Блум скривила лицо и кивнула.

– Смена ролей, – дополнила она рассказ, немного помолчав.

Бергер подытожил:

– Вильям изуродовал Антону лицо молотками, чтобы оно стало похоже на его собственное, каким оно было во времена школьной травли. По всей видимости, сейчас оно уже так не выглядит. Целеустремленность, точность и абсолютное хладнокровие, которые требуются для того, чтобы при помощи тисков и молотков превратить Антона в Вильяма, говорят о том, что мы должны иначе оценивать Вильяма. Он, черт подери, профессионал. Как он мог стать профессионалом?

– Профессионал и, тем не менее, психопат, нуждающийся в смирительной рубашке. Надо быть полным психом, чтобы так изощренно отомстить своему давнему мучителю.

– Но еще и профессионалом в нескольких разных областях. Ему было шестнадцать лет, он был физически неполноценен и психически неуравновешен после многих лет самой жестокой травли, какую только можно представить. За следующие двадцать лет он превратился в профессионального палача. Как?

– Это только гипотезы. Мы блуждаем впотьмах. Совсем не факт, что он обучался, чтобы стать профессионалом.

– Думаешь, он сам этого добился?

– Не знаю. Движимый постоянно растущей жаждой мести?

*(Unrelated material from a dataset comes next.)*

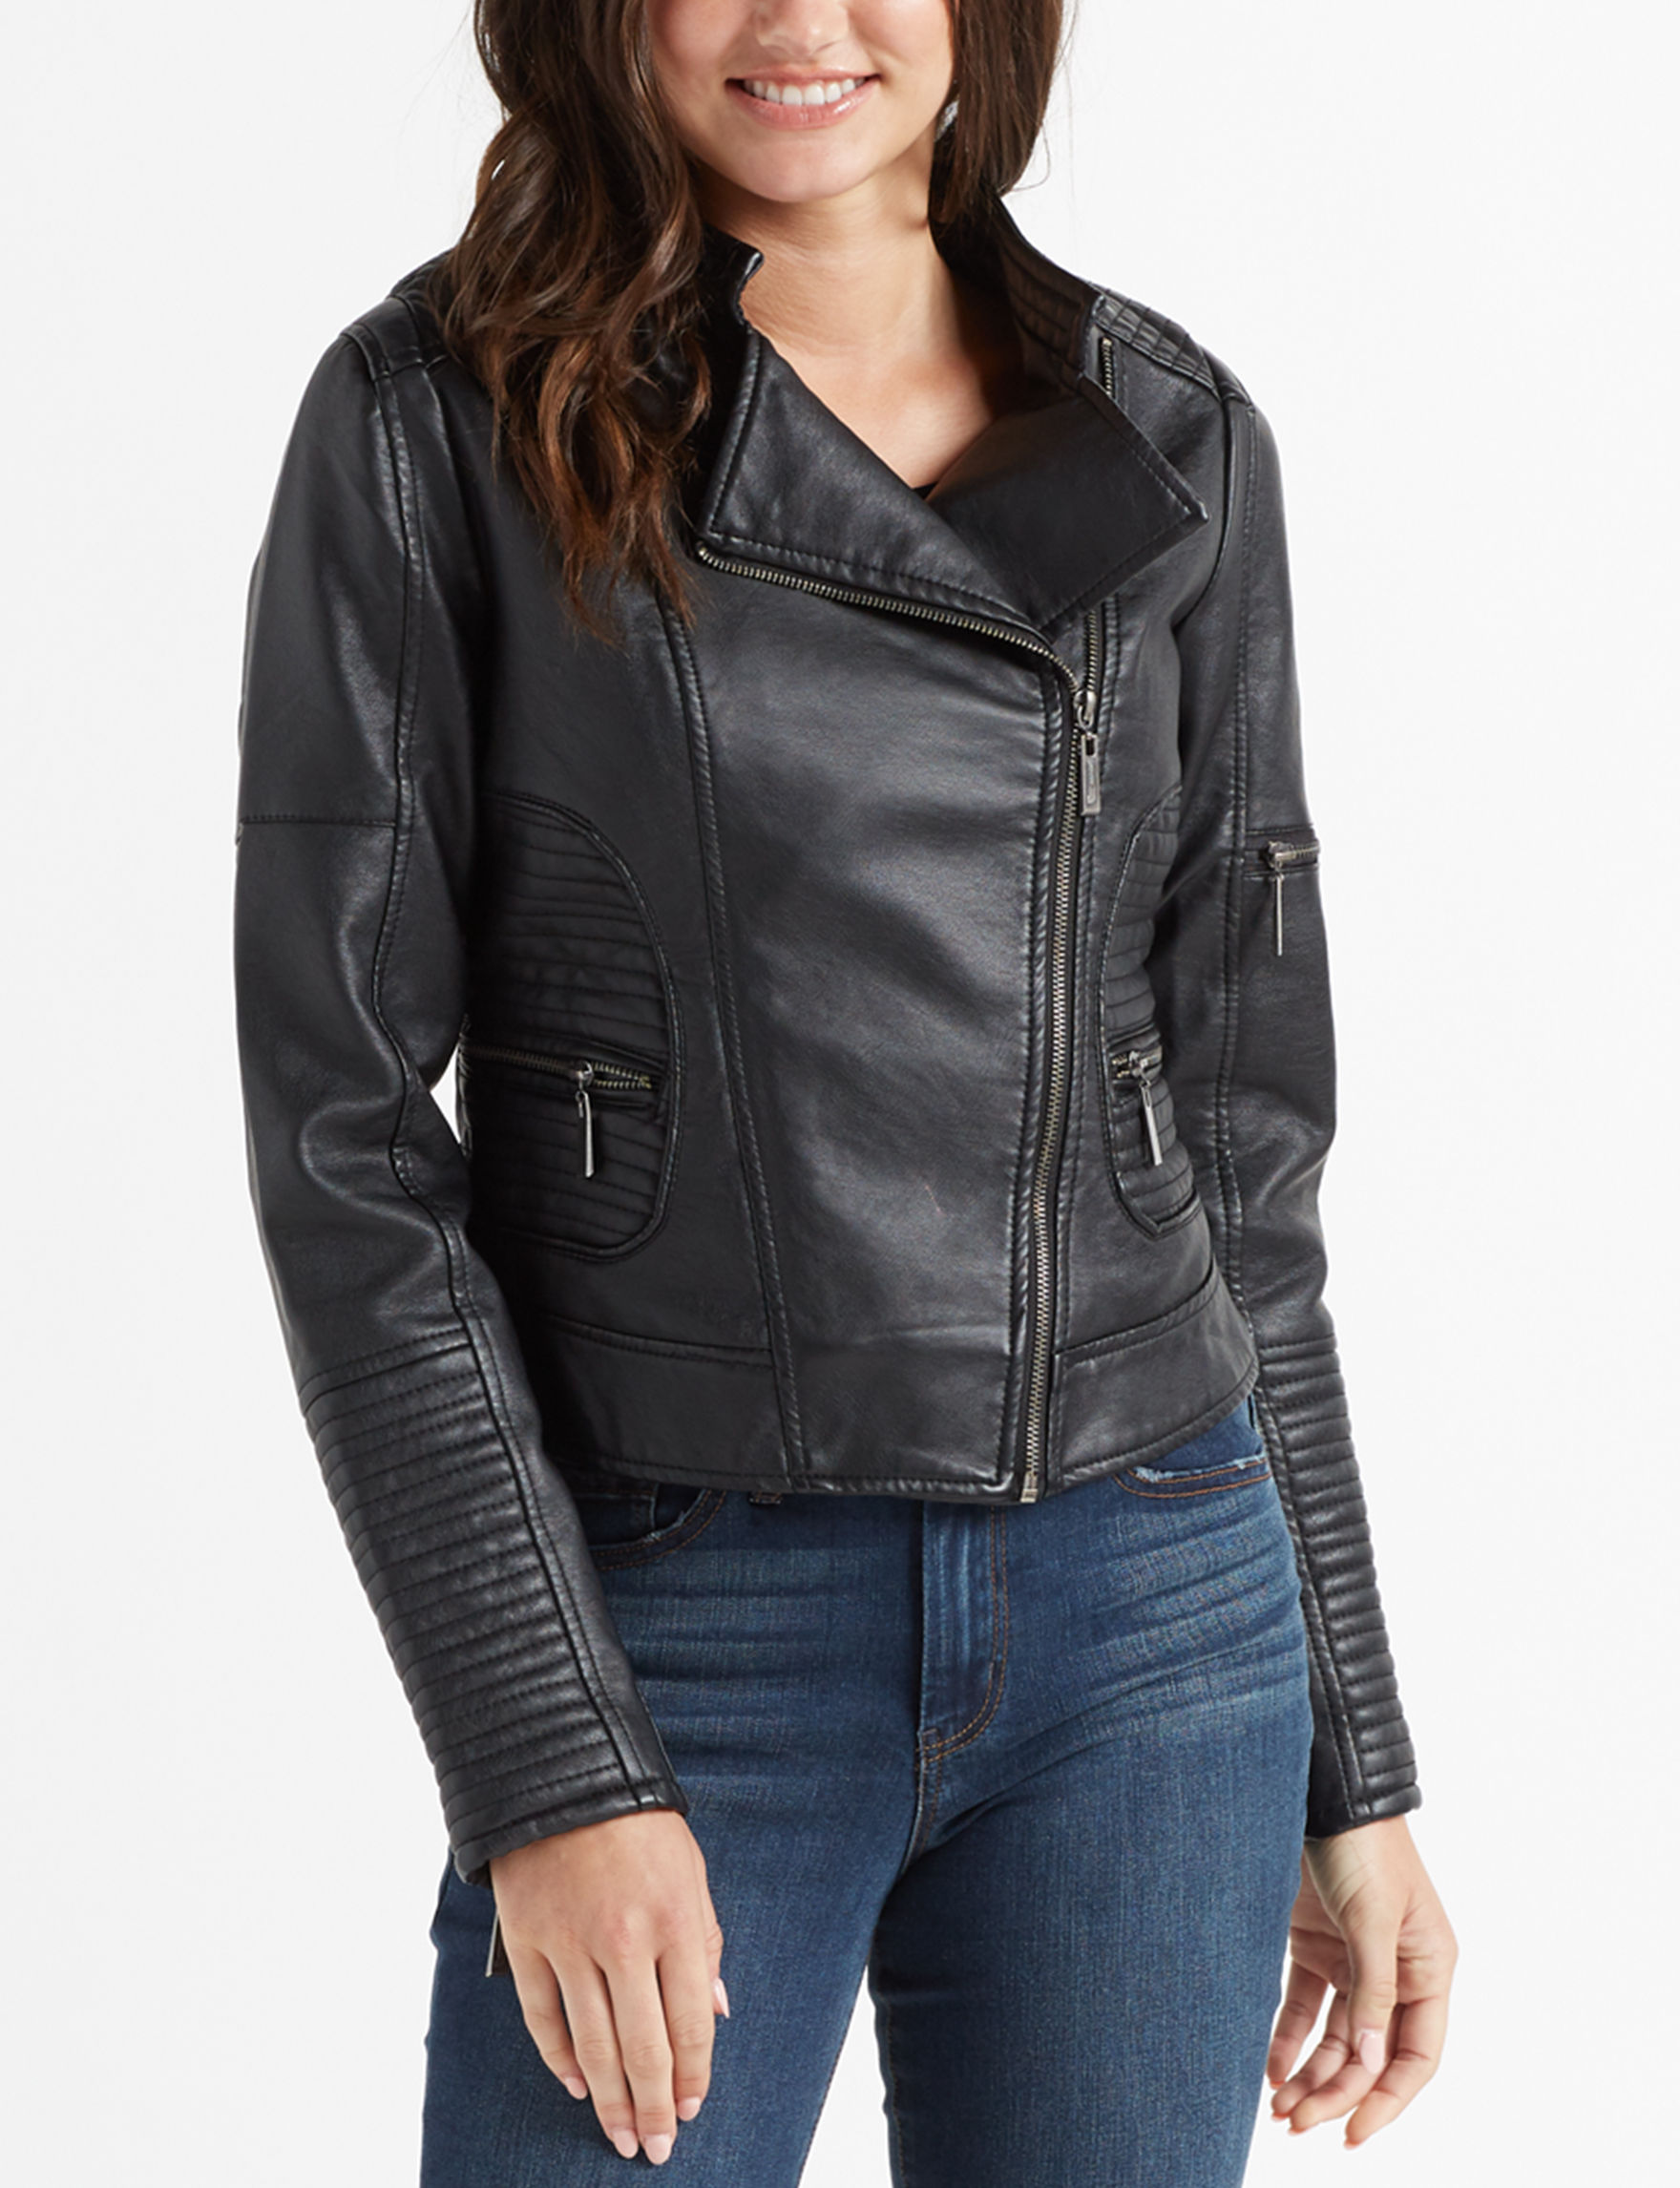 Jou-Jou Black Bomber & Moto Jackets

– Меня такая версия не устраивает, – сказал Бергер и показал на фигуру в инвалидном кресле в десятке метров от них. – Ты же видишь Антона, Молли. Это сделал человек, который пытал и раньше, вероятно, регулярно. Он прошел обучение либо в гангстерской среде, либо в военной, и я думаю, что это укрепляет нашу гипотезу о том, что где-то действительно существовал отец по имени Нильс Гундерсен, который был наемником «в какой-то чертовой арабской стране». Мы должны найти его.

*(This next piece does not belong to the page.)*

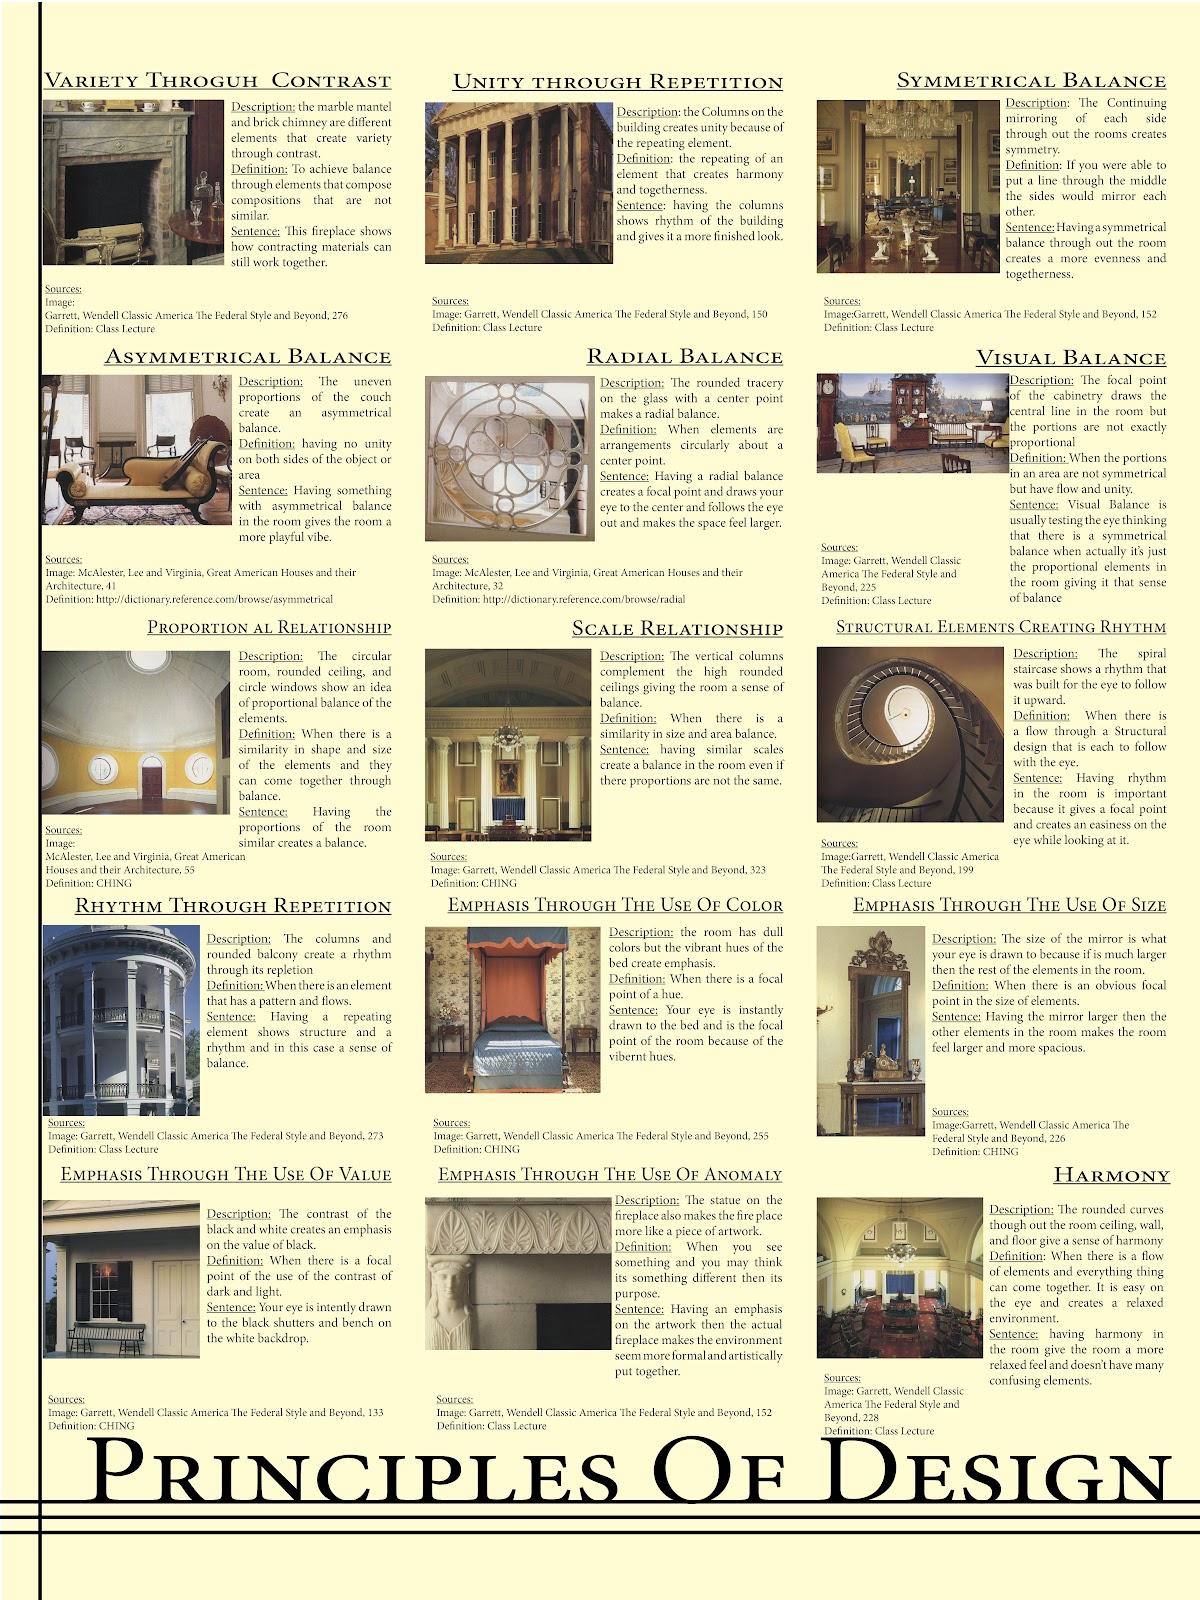 Michelle Hanna Interior Design Portfolio: Elements and ...

У Блум был озабоченный вид.

– Не знаю, – помолчав, сказала она. – Я боюсь, что пора решиться на один неприятный разговор…

– МУСТ?

– Это не очень-то легко.

– Сразу бери быка за рога, – сказал Бергер. – Обещаю, что заткну уши.

– Тебе придется пойти на большее, – ответила Блум, доставая мобильный. Тебе придется отойти подальше.

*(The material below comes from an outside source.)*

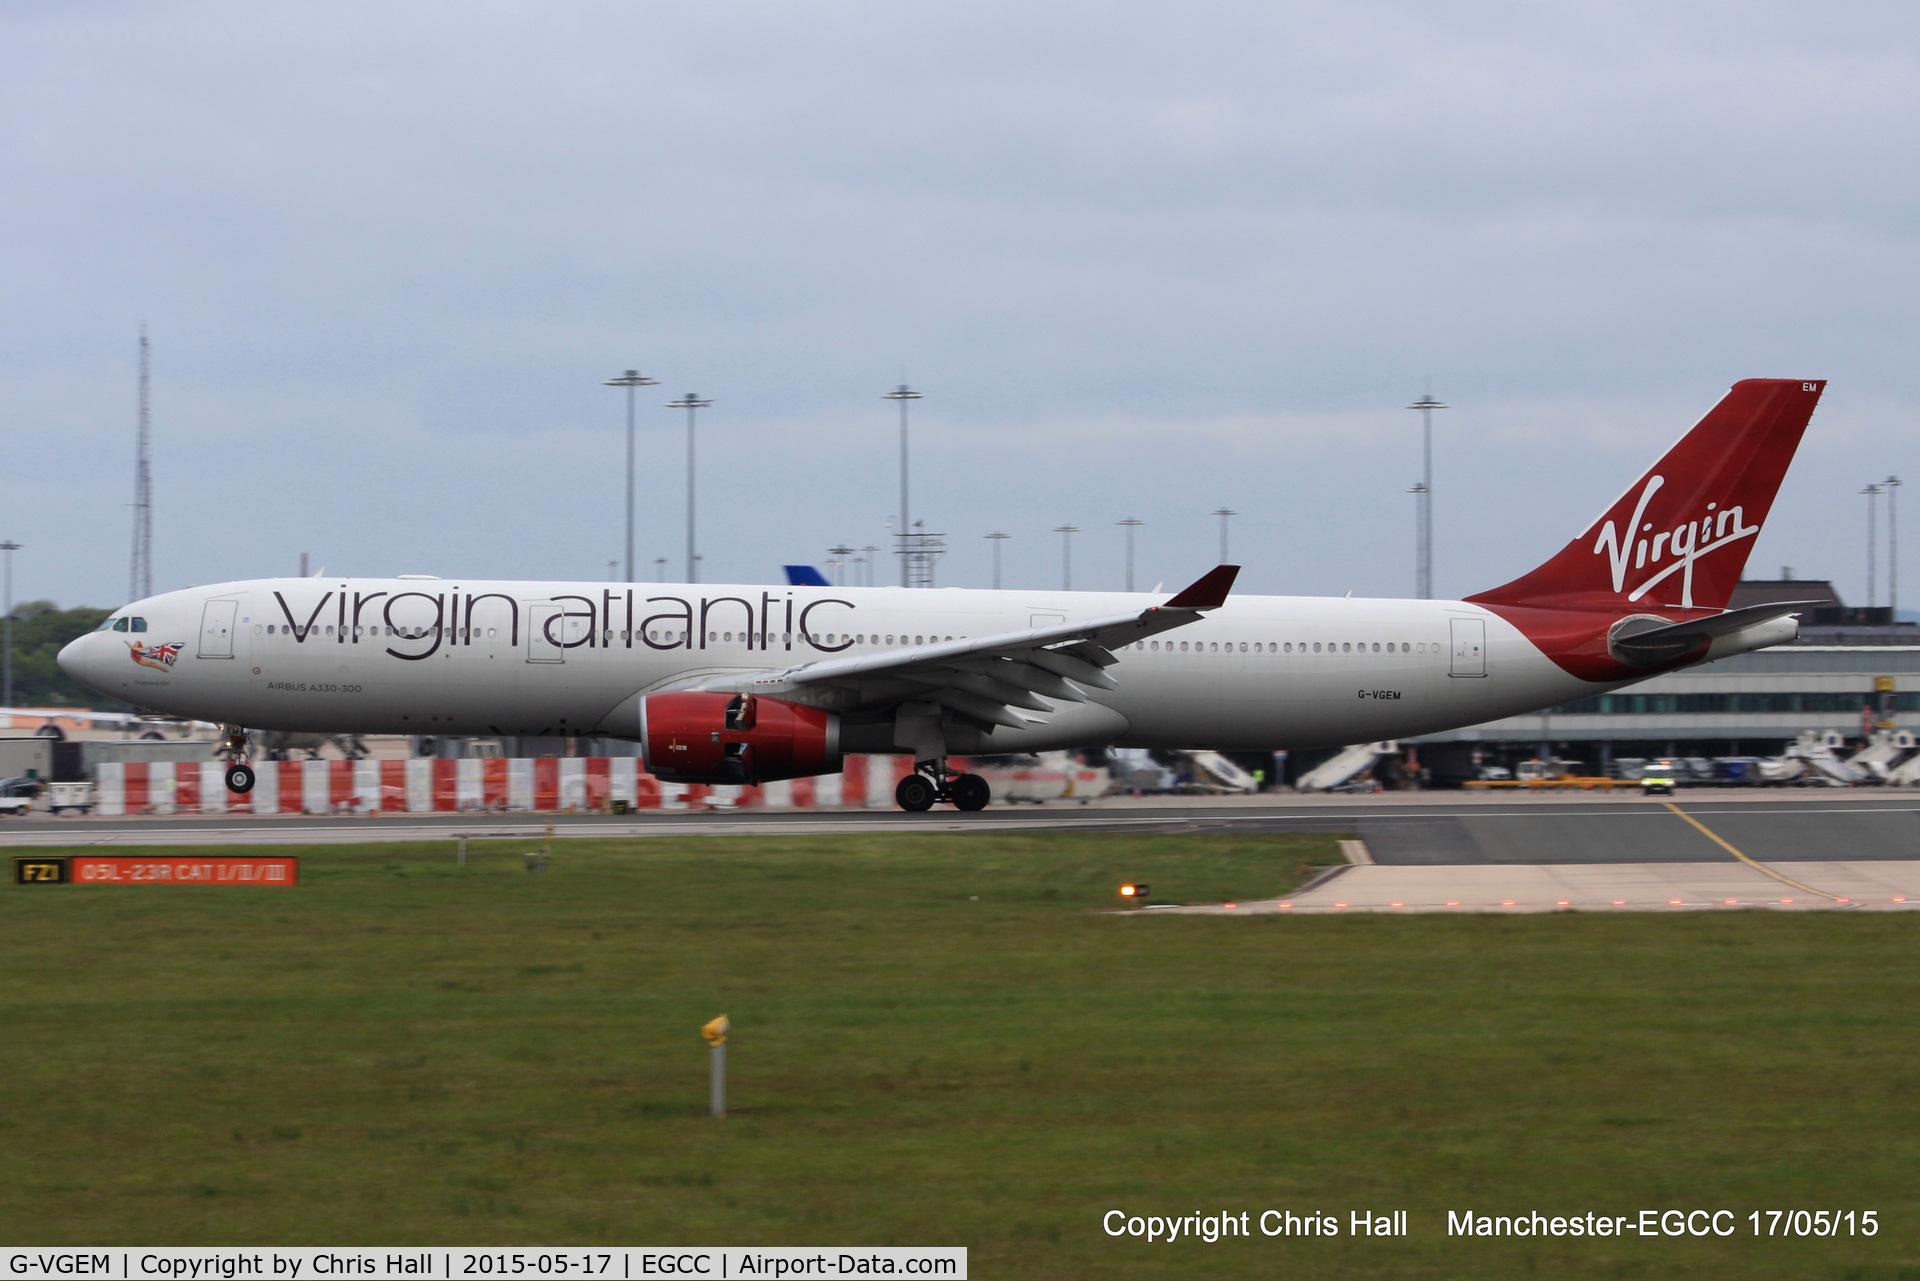 G-VGEM, 2011 Airbus A330-343X C/N 1215, Virgin Atlantic

Блум завернула за угол, и Бергер принялся бродить по комнате. Он насчитал пятнадцать человек, которые находились в состоянии, выглядящем как абсолютное безделье. Телевизор по-прежнему работал, на экране без звука шел футбольный матч, но никто, судя по всему, его не смотрел. Возникало ощущение, что время остановилось. Как будто Бергер провалился в дыру посреди бурно мчащегося потока времени. Как будто из часов выпала шестеренка.

У окна в своей коляске сидел человек с деформированным лицом. Его невидящий взгляд вперился в скучные многоквартирные дома напротив, положение тела говорило о том, что через пару лет он, вероятно, окажется прикован к постели.